Despite the fact that MCSs are the most common treatment option for patients with CVD, a large proportion of CVD patients remain non-compliant with compression therapy [6]. Non-compliance is a major cause of treatment failure and it also generates healthcare expenditure [7]. Despite intensive patient education and ongoing monitoring through dedicated programs, noncompliance rates remain high, suggesting that other factors are responsible for noncompliance [8–10]. There are a number of well-documented reasons for MCS nonuse [7,11,12]; based on US data from more than 3000 new CVD patients, the main reasons for MCS nonuse included patient perception that the stockings did not help (14%), binding/‘cutting off’ the circulation (13%), too hot to wear (8%), unable to apply without help (2%), limb soreness (2%), itching (2%), poor cosmetic appearance (2%) and cost (2%) [7,11].
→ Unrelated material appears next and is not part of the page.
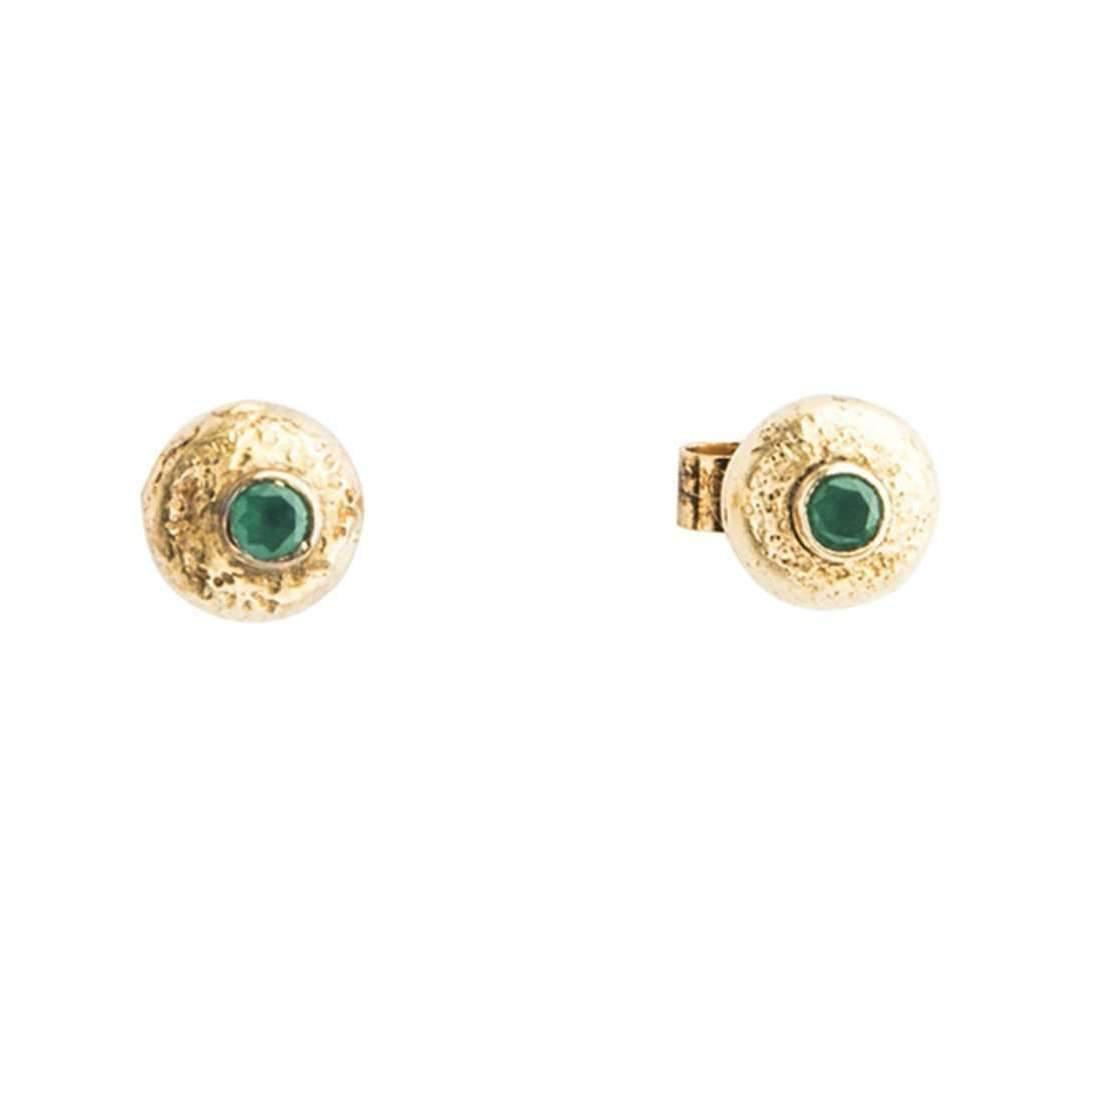 Becky Dockree Small Gold Stud Earrings K8LiS5X

An assessment, presented and published by the American Venous Forum, showed that any product that improves the donning of compression stockings, making it easier to put them on/take them off, would significantly improve compliance rates and efficiency [13]. Indeed, of 126 patients surveyed, almost 30% of the patients stopped wearing compression stockings due to difficulties in putting them on [13]. Based on the findings of Raju and colleagues, comfort is also a key factor in noncompliance, with ‘wear/comfort’ factors and ‘intangible sense of restriction imposed by the stockings’ being the two interdependent major noncompliance categories [7].
Conventional MCSs provide a decreasing pressure profile from distal to proximal (degressive gradient). Recently, a new concept in MCSs has become available, namely progressive (or inversely graduated) compression stockings, which provide a higher pressure at the calf than at the ankle region [14].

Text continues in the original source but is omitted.